Hi Christina,
melodic.log is ceated by the melodic binary, so all the pre-
processing which is initiated by the melodic GUI is not recorded in
there but in report.log. There should be a command line call to $
{FSLDIR}/bin/ip - the first number after the -t option relates to the
highpass filter sigma (in volumes), i.e. if TR is 3 sec and you're
using a 100s hp filter then this number is 100/2*TR = 16.667.
Denoising is straight forward. First, run melodic on the original
data (filterd_func_data.nii.gz, say). This gives an .ica directory
(blah.ica, say). Go throught the components in there and note down
the numbers of the components which you are certain (!) are
structured noise. Then simply run
melodic -i filtered_func_data --ICs=blah.ica/melodic_IC --
mix=blah.ica/melodic_mix.txt -o blah2.ica
In blah2.ica you should then find a file melodic_ICAfiltered - which
is the original data (filtered_func_data.nii.gz) where the structured
noise effects have been removed using simple linear regression. Note
that this results in a small loss in degrees of freedom which - if
the original time series is reasonably long and if you have not
removed too many components - is pretty irrelevant for the final GLM
stats. We're working on integrating melodic denoising into feat,
which will then take care of these things automagically, watch this
space ;)
Wrt your final question: task related signal changes are treated like
any other form of signal change in the data. If these changes are
structured variations then ICA will try to represent these components
as components. If a task-paradigm is used then any induced variation
has no more (but also no less) impact on the remaining components
than any other component being estimated.
In theory, the existence of an additional source will simply increase
the estimate for the number of components so that the additional
signal will be represented as an additional source estimate.
hope this helps
christian
On 25 May 2007, at 12:23, Christina Hugenschmidt wrote:
> Hi!
>
> We are enjoying exploring ICA with melodic, and as you all, especially
> Christian, have been most helpful in answering our questions, I was
> hoping
> you might be kind enough to answer a few more.
>
> First, where can you find information about what high pass filter
> was used
> in an analysis? I (shamefully) did not write down the high pass
> filter used
> in a couple of analyses, and did not see it in the melodic log.
>
> Also, we have a subject whose data did not converge.
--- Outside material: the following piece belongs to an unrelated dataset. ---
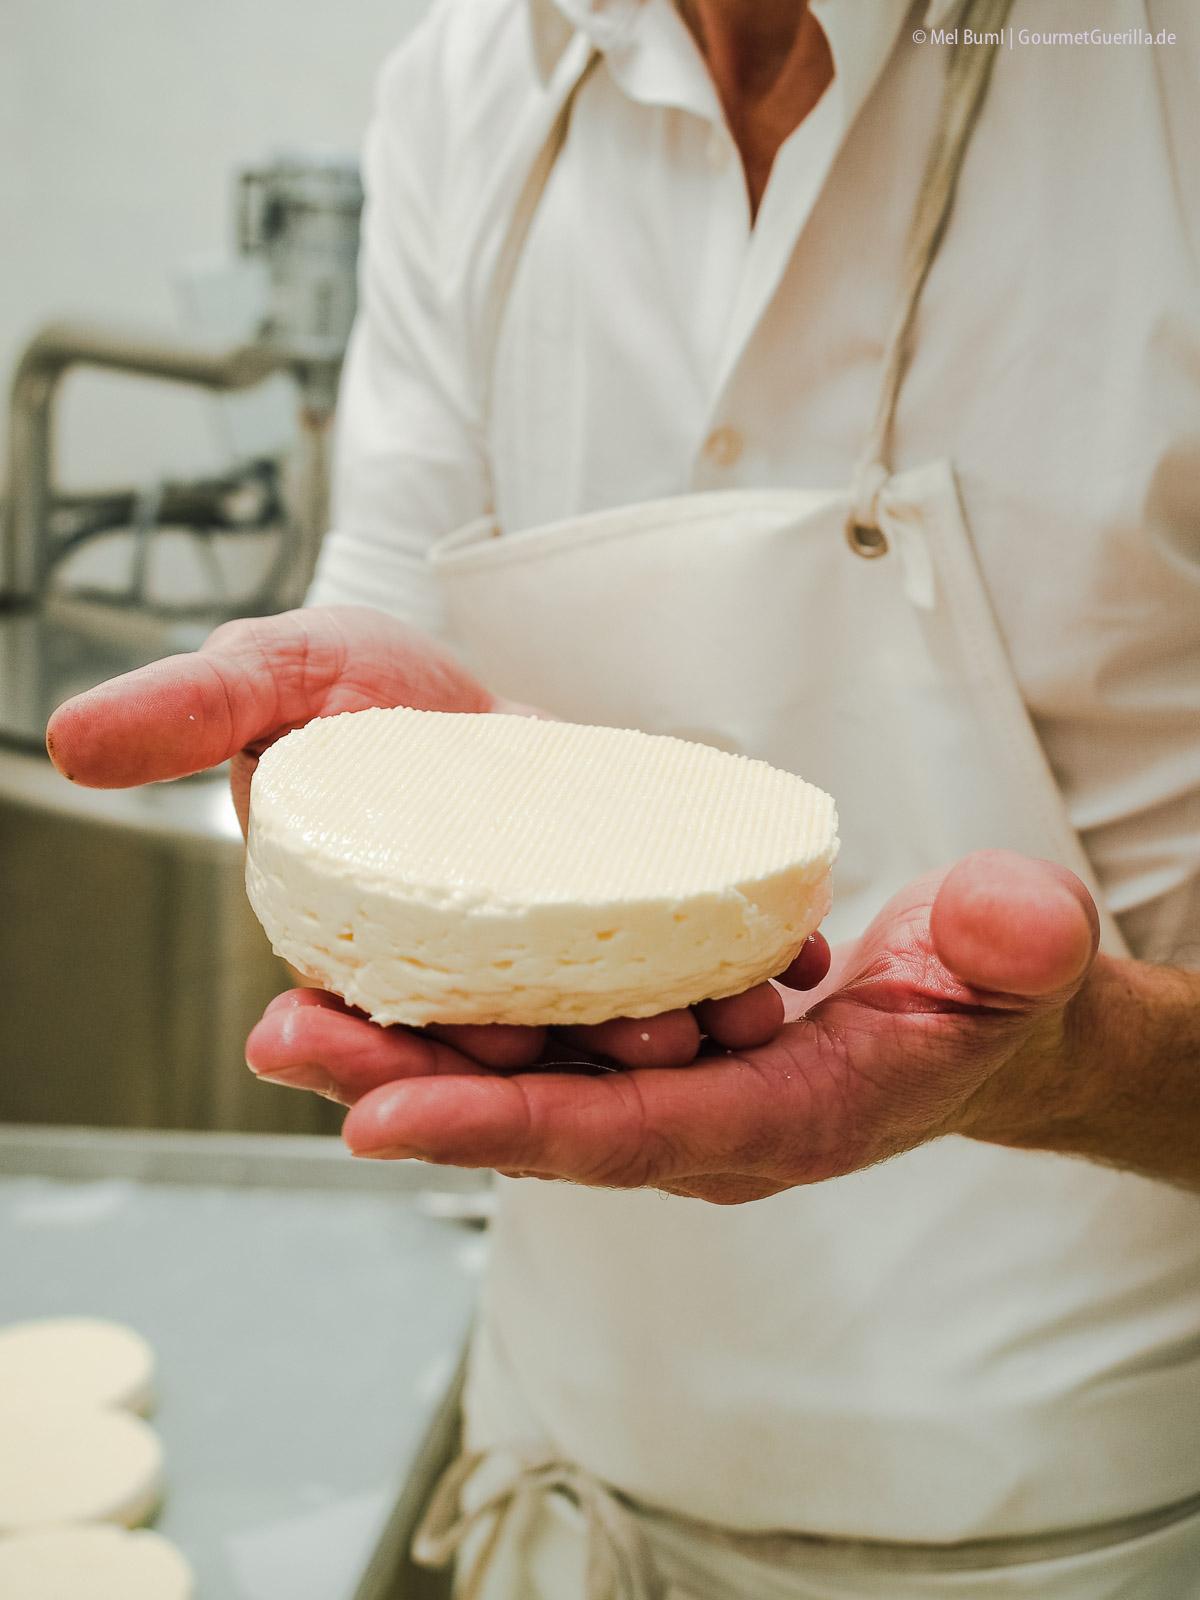 Camembert-Rohling für Heumilchkäse in Wiens einziger Stadtkäserei Lingenhel |GourmetGuerilla.de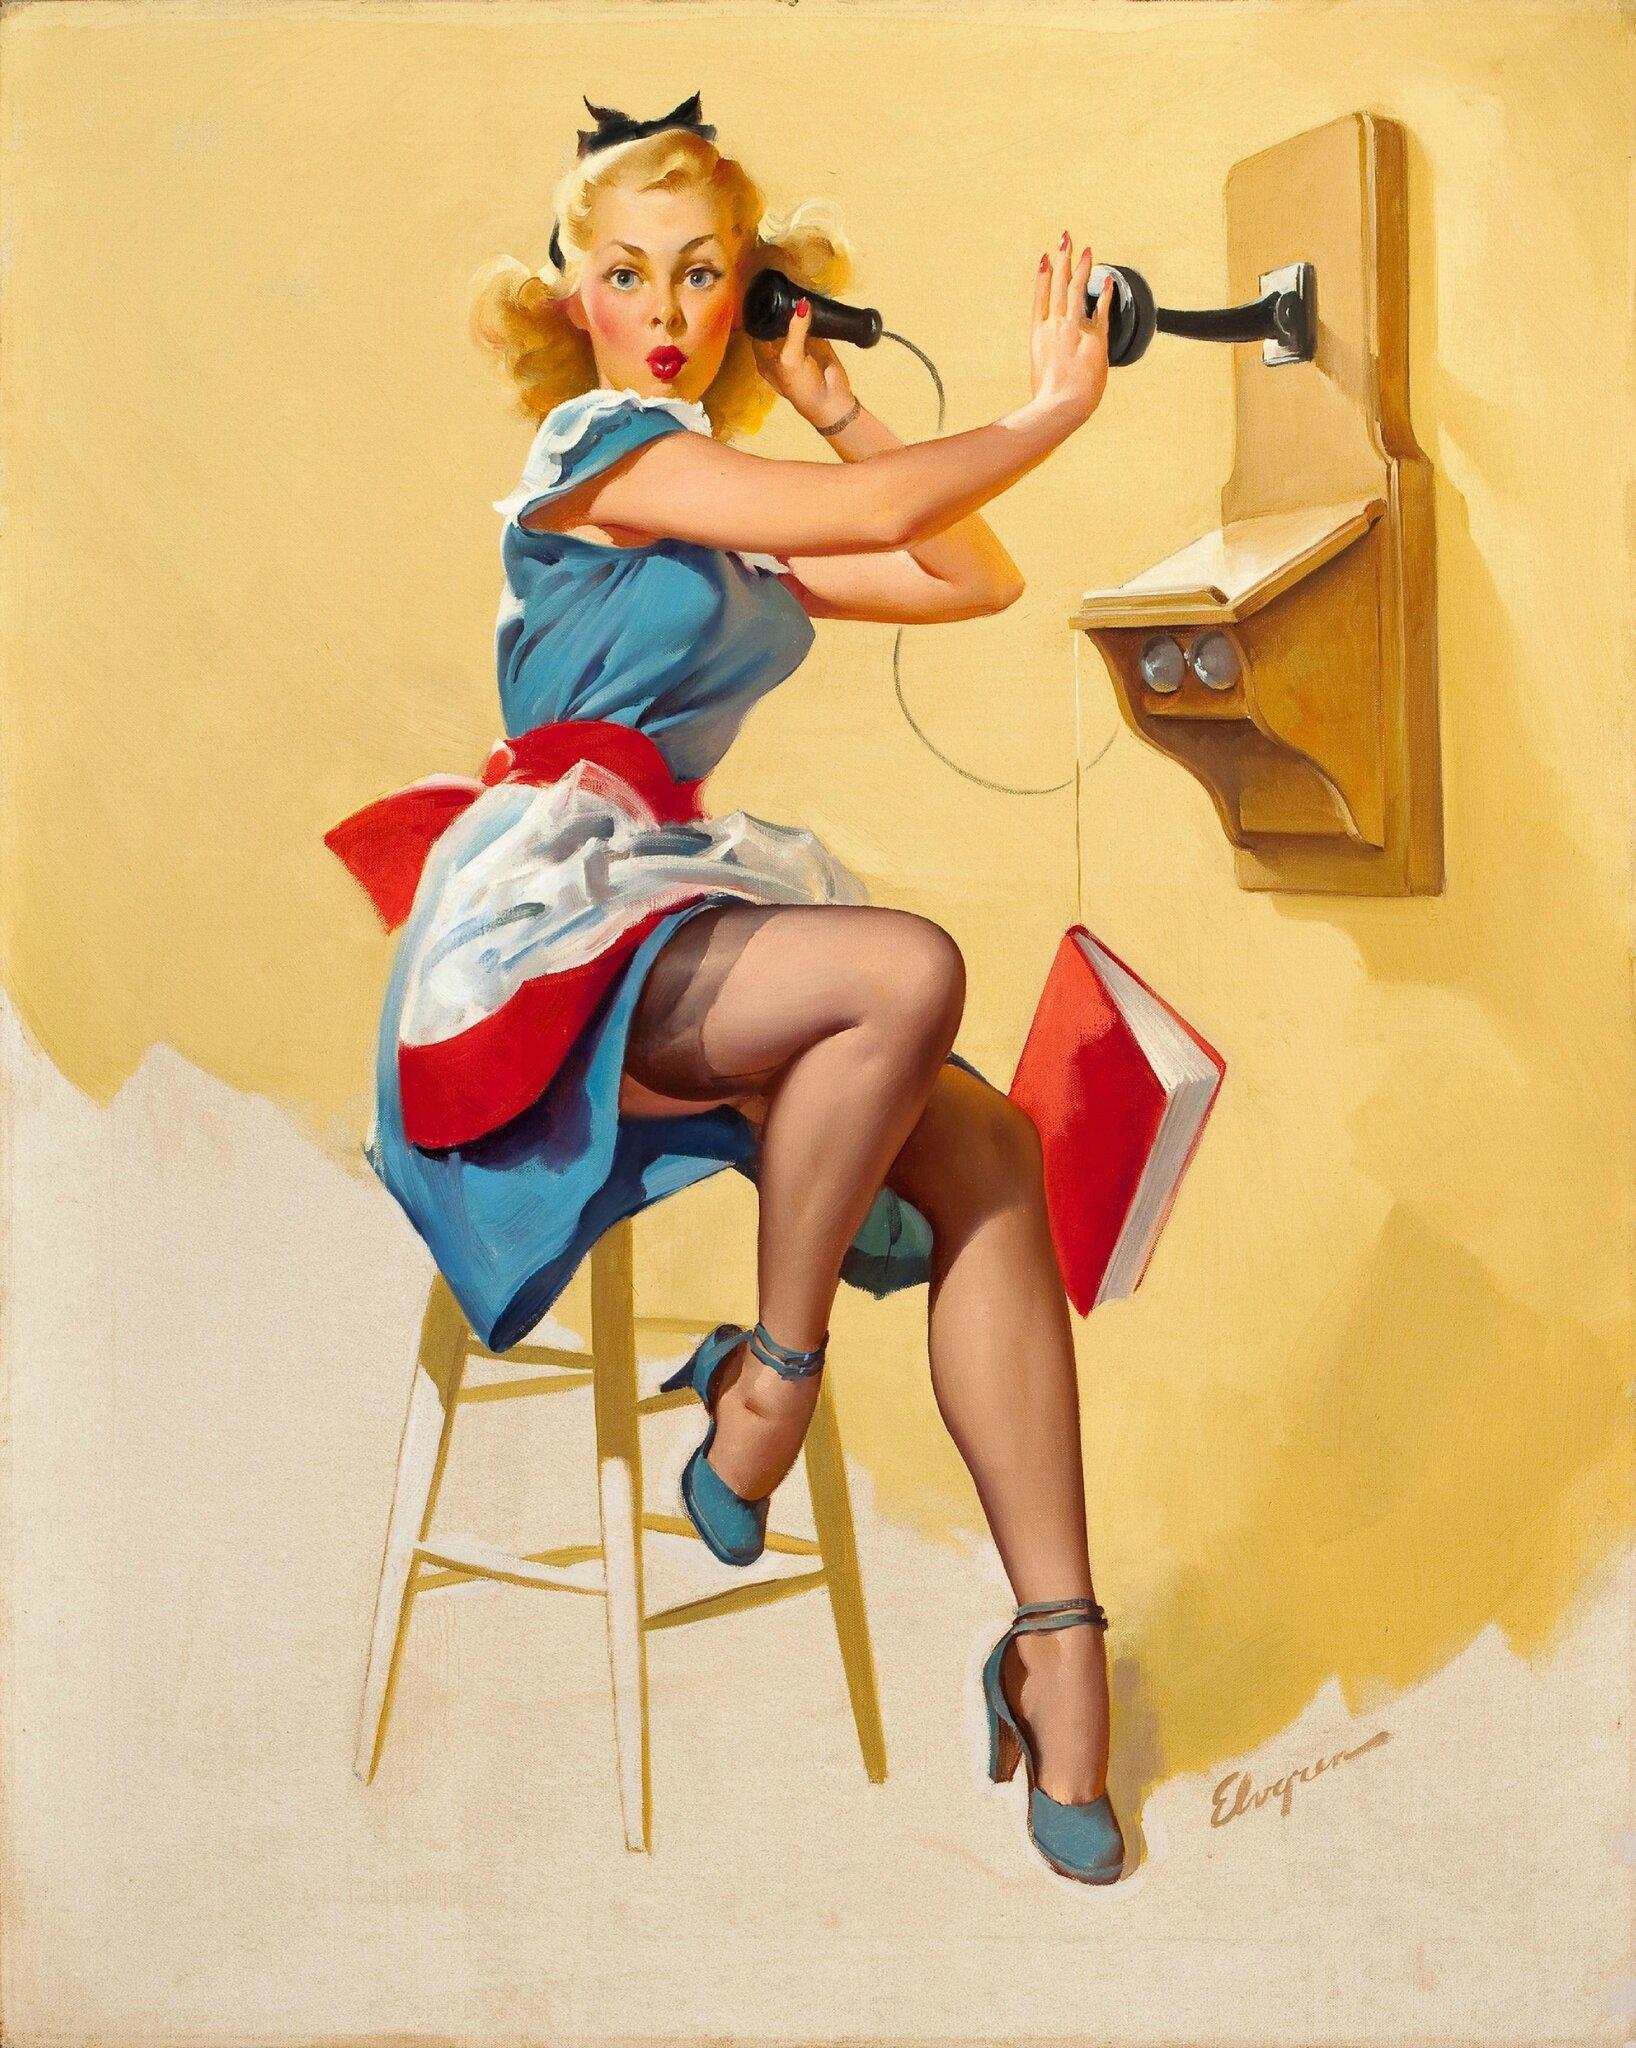 Pin-Up-Girls-Art-Paintings-28

In reading
> posts about
> this, I saw the suggestion that the data be denoised using melodic.
> The
> post mentioned the following link
> (http://www.fmrib.ox.ac.uk/fslcourse/lectures/melodic/
> _3200_denoise.fpd/index.html) for more information about denoising.
> I could
> not follow the link, so I looked in the melodic lecture and found
> mention
> of denoising, but I am still not sure exactly how to accomplish
> this. Is
> there a paper that has more detailed methodology?
>
> Lastly, we have a small debate going on in our lab and I was
> wondering if
> you could weigh in. Is it appropriate to use ICA to find components
> when a
> task paradigm is used? Will there by any bias introduced by the
> fact that
> much of the signal and variance are driven by the task, such that
> non-task
> related activity might be more difficult to identify?
>
> Thank you for any insights you can offer:~)
>
> Christina
____
Christian F. Beckmann
University Research Lecturer
Oxford University Centre for Functional MRI of the Brain (FMRIB)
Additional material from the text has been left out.